In Samuel West's adept production, his first since being appointed to succeed Michael Grandage at Sheffield Theatres, he has assembled an excellent cast to tease the tangled threads that Johnson has woven out of the unlikely encounter between these four people. Under the threat of being subpoenaed for "un-American activities", a professor prepares to pass the night in his New York hotel room. Enter a bullying senator with the power to make or break the case, and a gum-popping sports star who's only kidding to his sex-goddess wife that he's stupid (yeah?), and Einstein's theories on the shape of the universe take on a whole new dimension. The special theory of relativity? Easy. Add a dumb blonde who "demonstrates" with a toy trucks, a cardboard stooge and three balloons and, hey, we're in business.

"Knowledge is nothing without understanding," remarks Einstein, and, as Johnson is at pains to point out, it is not truth, but merely an agreement, while certainty is little more than illusion. There are other issues, of course. A dark cloud of responsibility for his part in the creation of the atom bomb hangs over the professor; her inability to keep a pregnancy to full term threatens to unhinge the film star; while the ball-player can't hide behind a screen of ignorance forever.
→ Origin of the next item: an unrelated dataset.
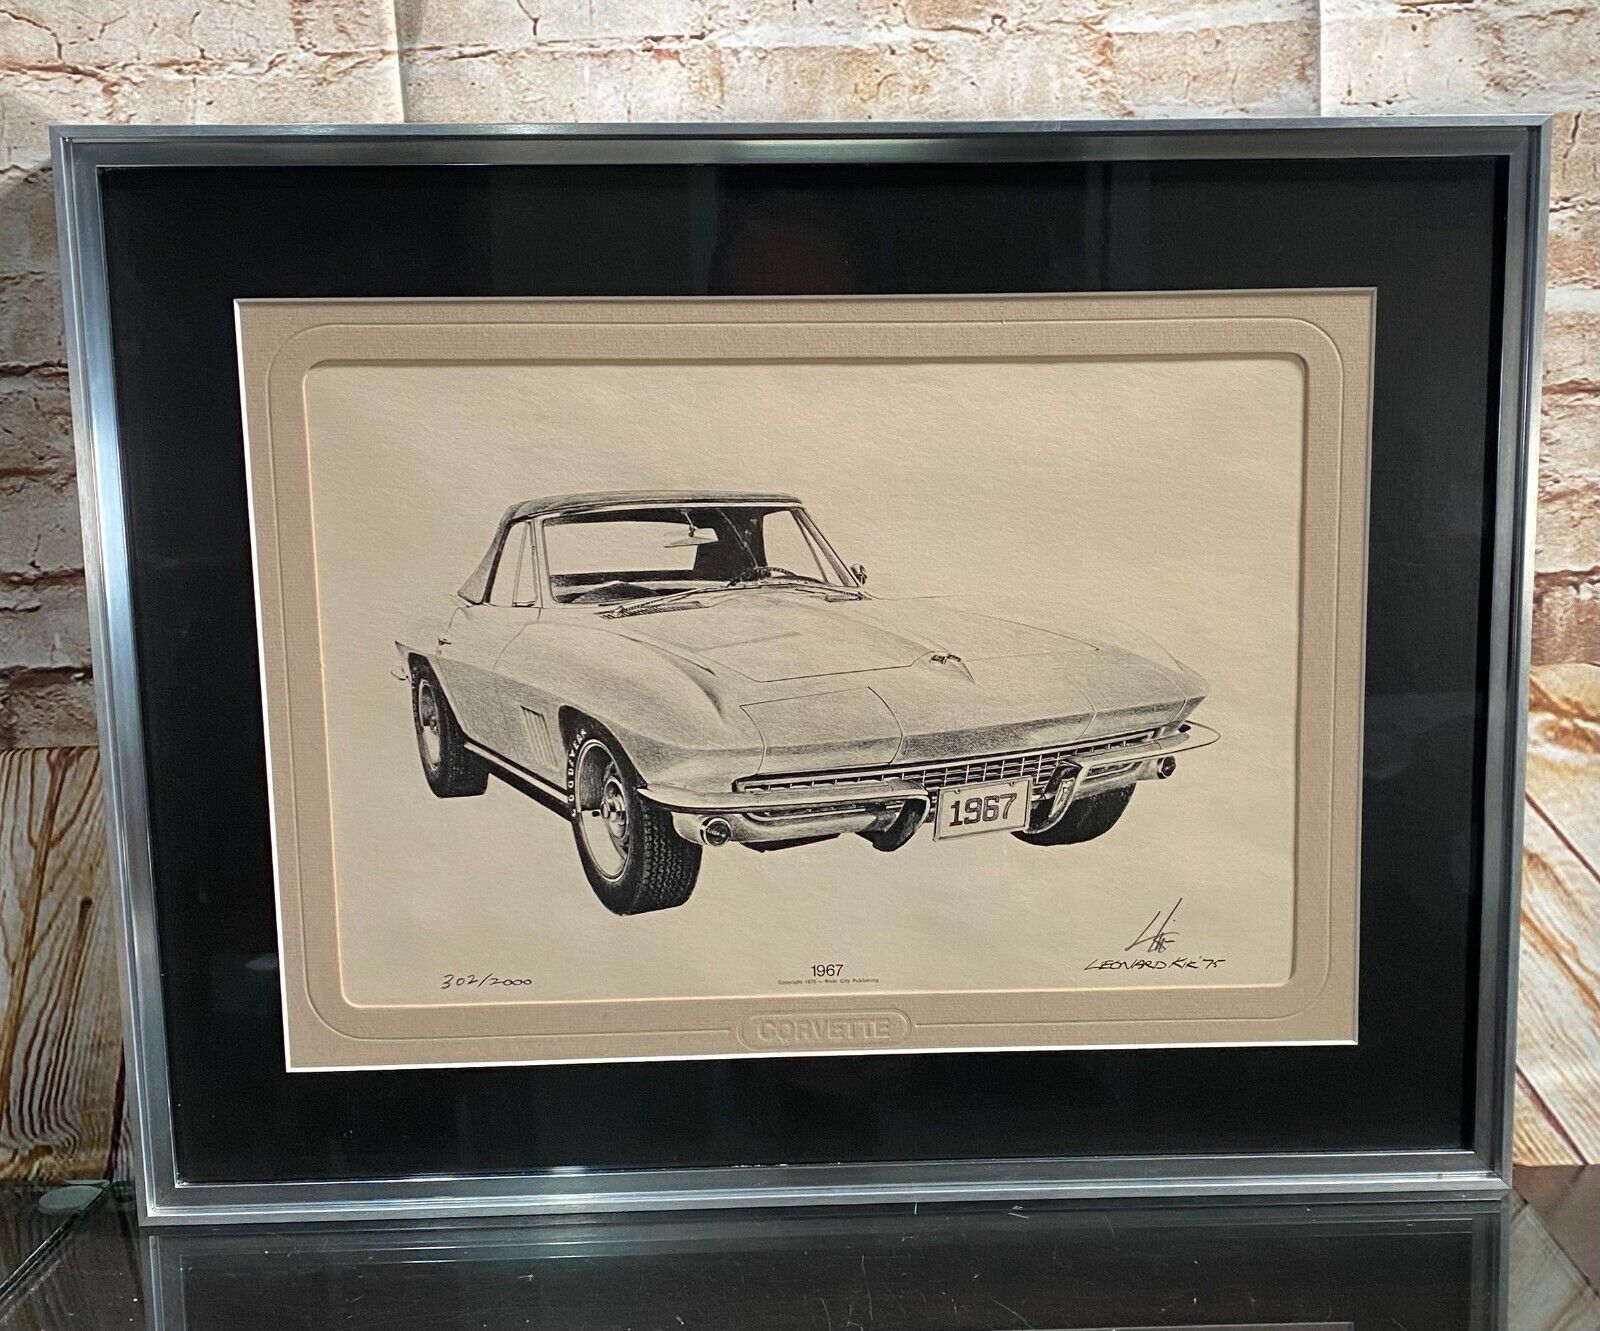 1967 Chevy Corvette Leonard Kik Lithograph Signed Print Framed Art 1975

And as the complexity of drama, tragic and comic moments, deft dialogue and neat twists and turns of fate are taking place on Tom Piper's bedroom set, the cat's miaow offstage even throws in an allusion (that Johnson added later) to Erwin Schrödinger's scientific theory.

As the professor, Nicholas Le Prevost wears his learning lightly, his baffled air belying his genius. Just as in Johnson's later Hitchcock Blonde, it's the female who suffers most, at the hands of men. Behind that brilliant smile, Mary Stockley makes a vulnerable actress, conveying real pain at what she sees as her deficiencies as a woman. The senator's methods have a ring of horrible truth in Gerard Horan's nuanced performance, his brutality sickening in its plausibility. And before he even enters the bedroom, Patrick O'Kane conveys the pent-up frustration of a husband unable to express himself. Yet it's a remarkably sympathetic portrayal in a production that is beautifully acted, perceptively directed and promises much for the future of Sheffield Theatres under West's directorship.